We compared pelvic to extremity tumor localization, detecting a significant benefit regarding OS for patients with high-grade tumors undergoing surgery if the tumor was localized in the extremities. This has also been previously reported by Adelani et al., who found axial skeleton tumors having a decreased OS compared to extremity localization, although they did note that their analysis was confounded by the fact that patients with axial tumors presented more commonly in advanced tumor stages [29].

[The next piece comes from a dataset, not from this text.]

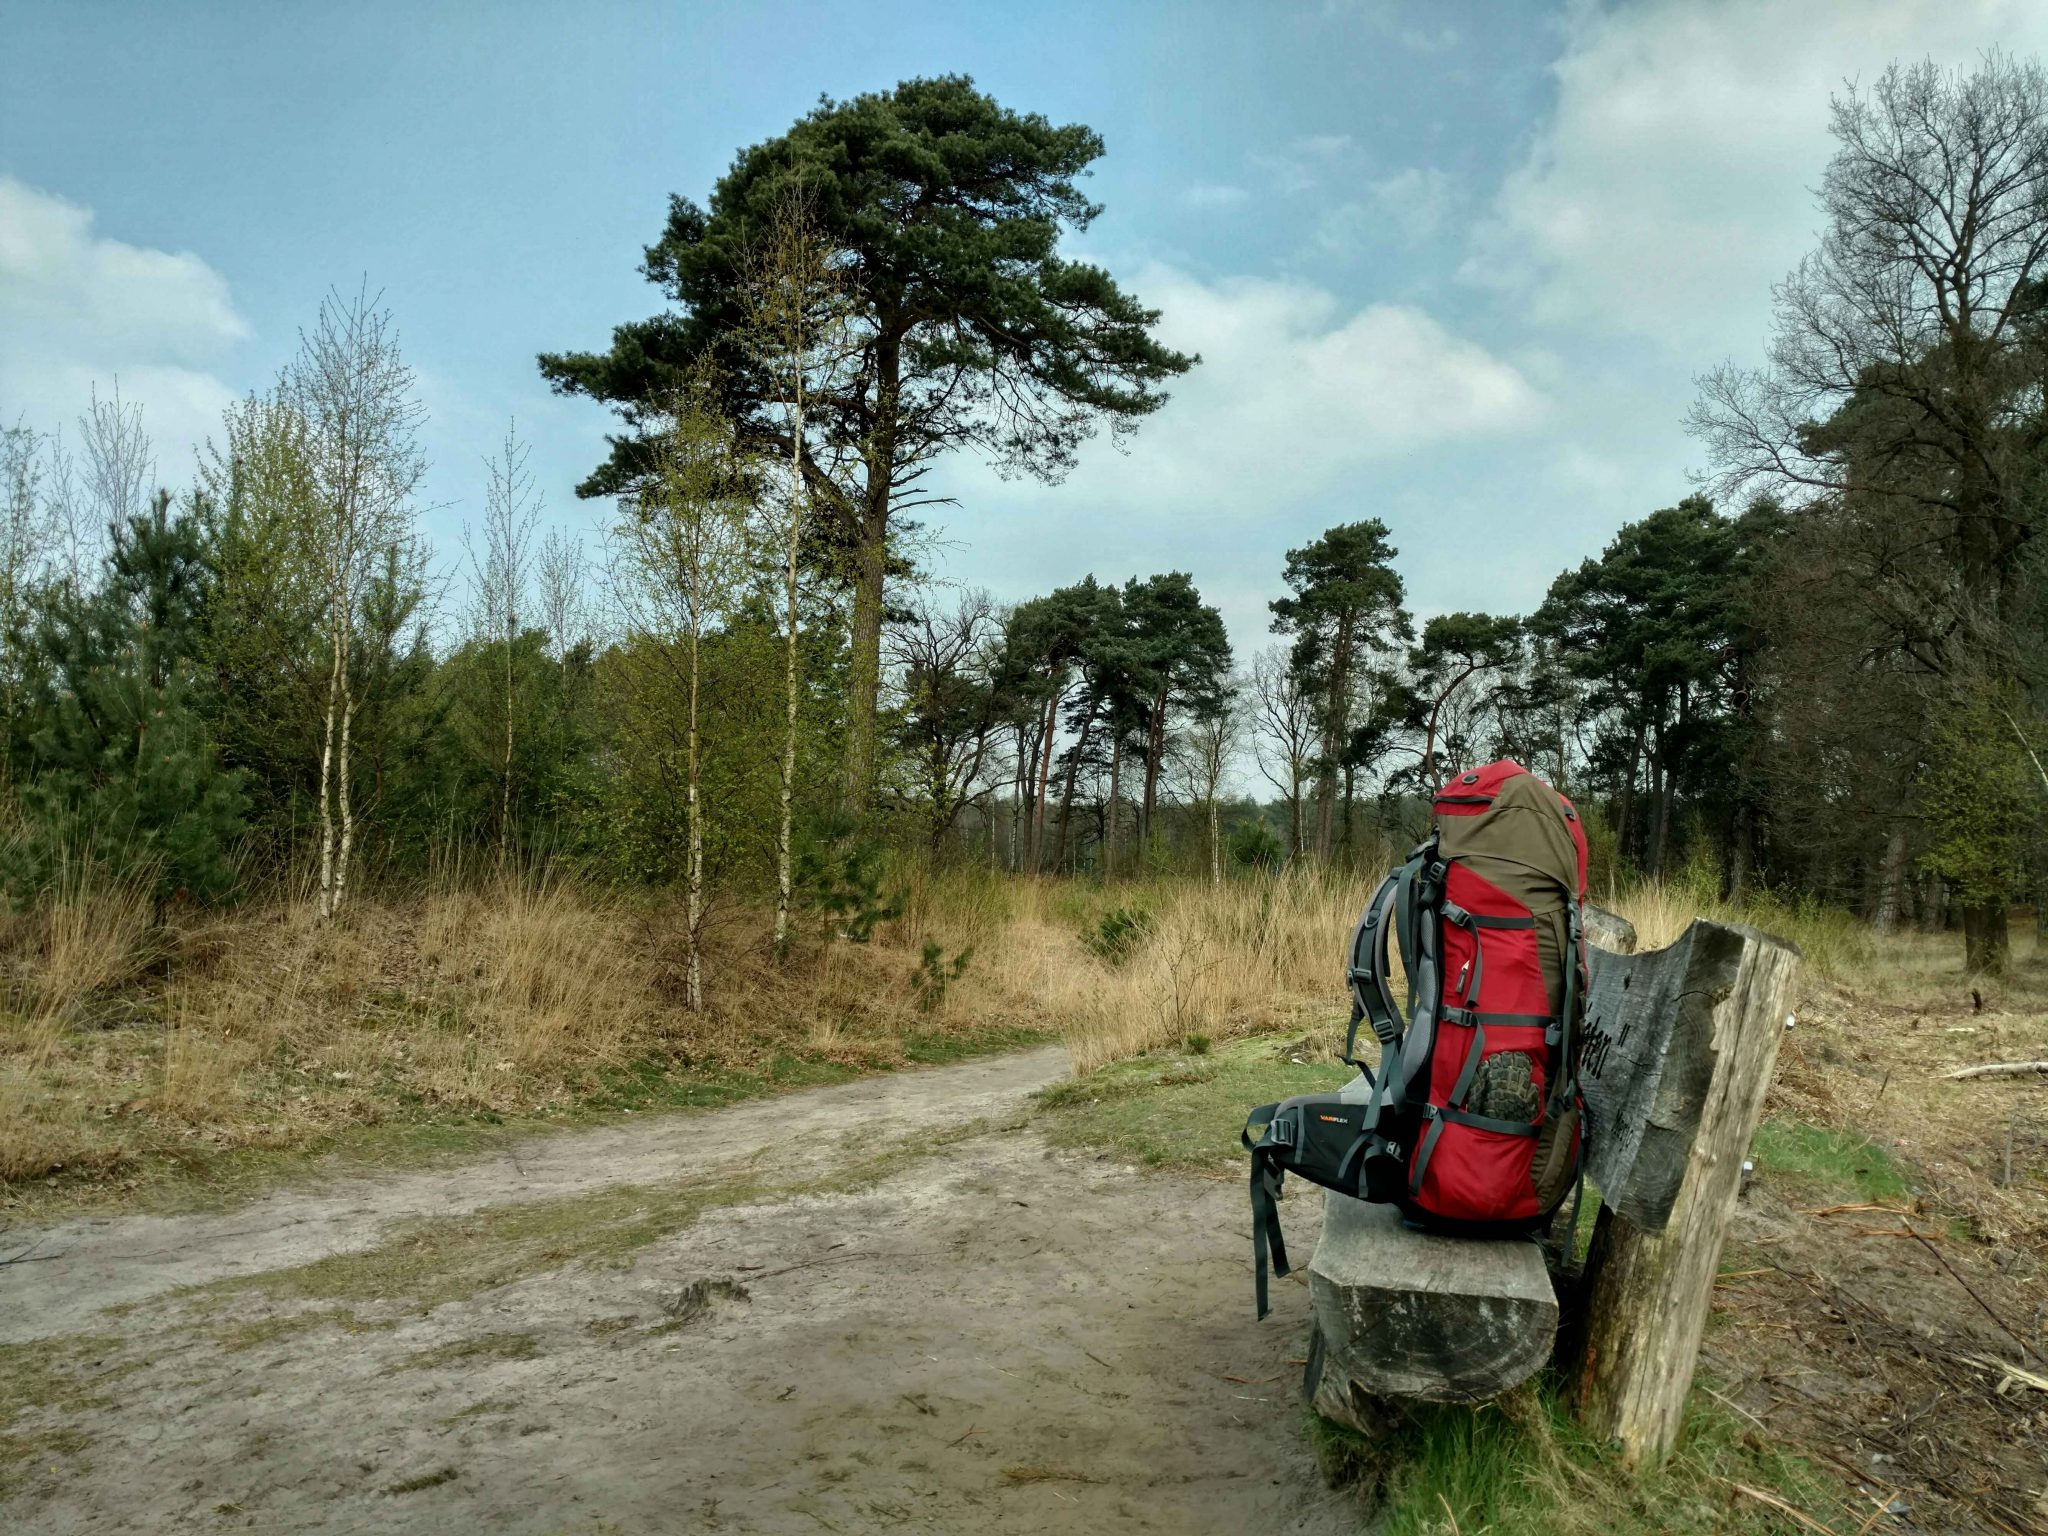 Picknick_pilgrims_route_nl

The great majority of our patients had high-grade tumors, but we could find no differences in OS between high-grade and low-grade tumors, noting that two of the five patients with low-grade tumors died of their disease 9 and 15 years after their diagnosis. Adelani et al. made a similar observation, with four out of fourteen patients (29%) with low-grade tumors dying from their disease after a median survival of 65 months [29]. In contrast, a study by Brewer et al. included five patients with low-grade tumors, none of whom died of their disease in follow-up [5,10]. Similar to our results, Antonescou et al. found no significant differences in DFS or OS probability for low-grade and high-grade tumors, although they did note that this was probably due to the small sample size of the two groups [24]. We therefore conclude that patients with low-grade tumors are not free from the risk of dying from their disease after an acceptable time span of living with their disease.

In many early case reports, LMSoB was often considered to have a poor prognosis; however, with a 5-year OS of 74% in our cohort, the survival rate appears to be comparable to that of other spindle-cell sarcomas. However, the question of whether perioperative chemotherapy has a positive impact on survival and which combination of drugs should be used cannot be answered conclusively.

Therefore, the benefit of chemotherapy in LMSoB needs to be further investigated and the choice of substances still needs to be clarified.

We acknowledge the fact that our study has several limitations. One main limitation is inherent to the retrospective design of our study, leading to a reliance on patient files and the possibility of selection bias. The collection of data from four different centers over a period of 35 years leads to some inhomogeneity in our cohort as well as in the preferred therapeutic approach of each center. However, given the low incidence of LMSoB, multicenter studies of high-volume referral centers are the only way to reach an adequate sample size of patients treated with current gold standards. Our small sample numbers do not allow for a conclusive analysis of all variables, especially in terms of the selected chemotherapeutic protocols, but this is owed to the extraordinary rarity of this primary malignant bone tumor and the lack of reliable data. But compared to other study cohorts on LMSoB, there are only a few studies with larger case numbers.

5. Conclusions

Surgical-wide resection remains the mainstay of treatment for this rare entity of primary LMSoB. We demonstrated that patients with tumors located in the extremities have a better prognosis. We could not prove that perioperative chemotherapy is associated with a higher EFS or OS, although definitive conclusions are impossible in a retrospective setting. Since the potential for distant metastasis is high, there is an evident need for systemic treatment options. Despite a high risk for distant metastases, patients seem to have a relatively stable course of survival with their disease. Due to the rarity of LMSoB, further large multi-institutional case series will be needed to answer the question of an optimal multidisciplinary approach.